If you are investing in a two or more different search ad platforms, a handful of mobile sites, a few websites for display ads, a couple video providers and retargeting Facebook ads and so let’s assume there are a total of 15 different digital ad channels (which is not a lot). The number of potential paths, considering that anyone consumer could see none, one, two or all 15 – in fact they could see the same ad more than once – that would produce 437 quadrillion paths that could happen. So the idea of somehow boiling it down (and keep in mind this is a small example) to the most relevant paths is silly.
As the options for integrated marketing channels continue to rise, there is a growing list of reasons to rethink your current attribution model and begin planning for a new method of validation. The facts you must consider are:
- consumers using multiple devices to do different things, some directly related to revenue and many indirectly
- clicks don’t equal revenue
- you must measure incremental sales
- attribution cannot be the sole method of marketing success and evaluation
What does that mean? Marketing scientists have been taking on the attribution problem for more than three decades now. Marketing and Media mix models were largely invented in the consumer package good space and have been a tool, sometimes valuable, that has spread to many other B2C industries. They were born at a time that was much simpler – you had TV, radio, print, out of home, price and promotions to handle. The better models included exogenous effects like the economy and weather. With the significant transition to new digital media and quicken pace of traditional media becoming digital, a new stream of data is now available.
In parallel, data scientists have been working on digital attribution for maybe five to eight years. The notion of the data scientist has only recently emerged (and now apparently the sexiest job of the 21st century). The popular description being one who is well versed in statistical and mathematical modeling but understands a wide variety of data structures (and the really good ones can write decent code). The data scientist’s job, again, popularly described, is to sift through tremendous amounts of data looking for valuable insights. This is an obvious shift from the marketing scientist who tends to approach a problem with a hypothesis in mind and evaluates data (structured and unstructured) to support or reject the hypothesis.

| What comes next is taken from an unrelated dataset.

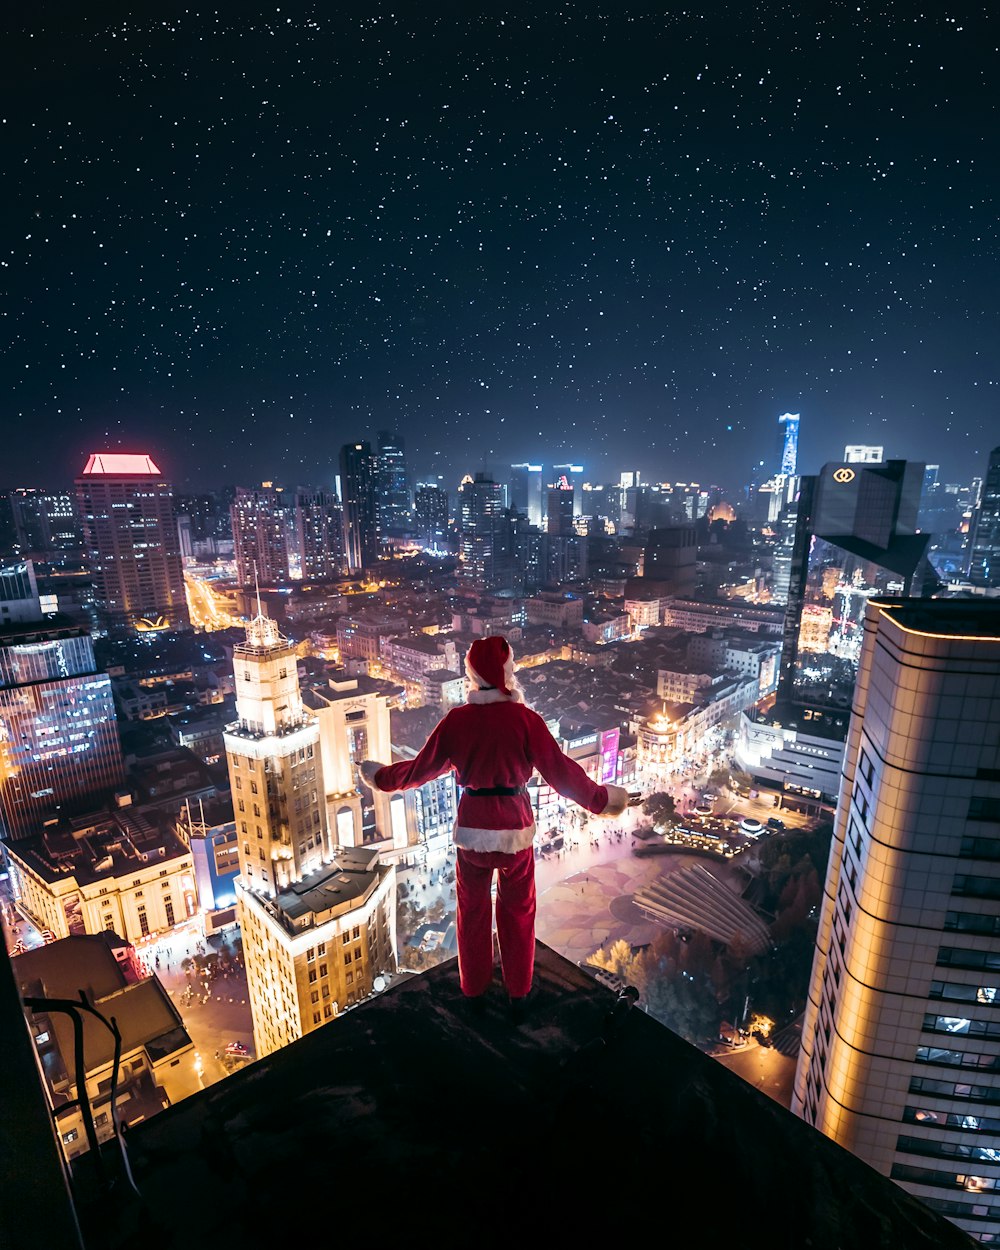 サンタクロースの衣装を着た人が夜のビルの端に立っている
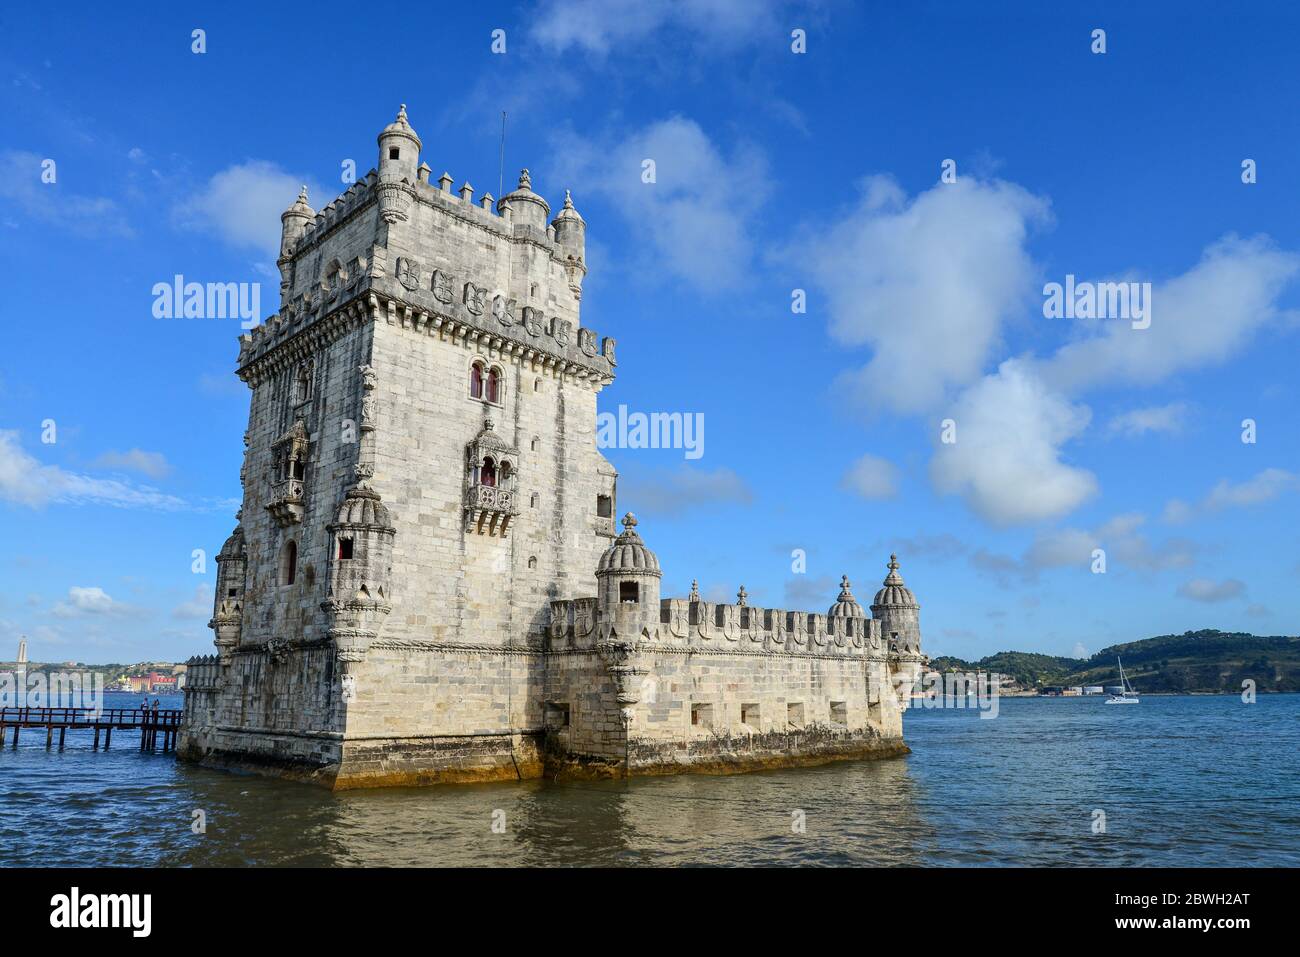 Vista sulla torre Belem o sulla Torre de Belem in stile portoghese Manueline sulla riva settentrionale del fiume Tago a Lisbona, Portogallo Foto Stock

Attribution in the Marketing Mix
There is a place for both marketing and data science in the attribution of marketing spend to performance. By itself, marketing mix models are large in scale, pulling aggregate data from multiple sources, with a lofty but important goal (simplifying here) of establishing how budgets drive sales, calculating return on investment and informing the planning and budgeting process. In doing so, it is required that these methods understand what sales are driven by marketing vs. non-marketing influences, what sales would have happened in the absence of marketing (that’s your incremental sales) and needs to account for seasonal effects and larger category trends.
Whereas attribution models tap into large streams of data from individual’s interacting with different media in near real-time speed. They have an equally lofty goal (simplifying again) of building a dynamic understanding of how individual consumers use various media that leads them through a path to ultimately purchasing the brand. An important part of the attribution process is mapping the different types of digital marketing tactics used to specific objectives or parts of the purchase funnel. Then utilizing math and logic to attribute the influence that each tactic has on that path. This can inform spend priorities, timing and targeting.
So there is clear value individually for both marketing mix optimization and digital attribution. But the best scenario is when they work together. Utilizing methods that can model consumer behavior from the bottom-up alongside individual consumer click stream data creates a virtuous closed loop that is superior for understand and optimizing marketing. When the granular attribution model can inform the more expansive marketing mix model, you get more integrated and comprehensive understanding of how marketing works.
Within this idea of an Integrated Marketing Optimization we can find the best of both worlds. And many of the world’s most recognizable brands including Sprint, Hyatt, Nestle, Urban Outfitter, DeVry and even the Cleveland Indians practice this method of optimization with great result.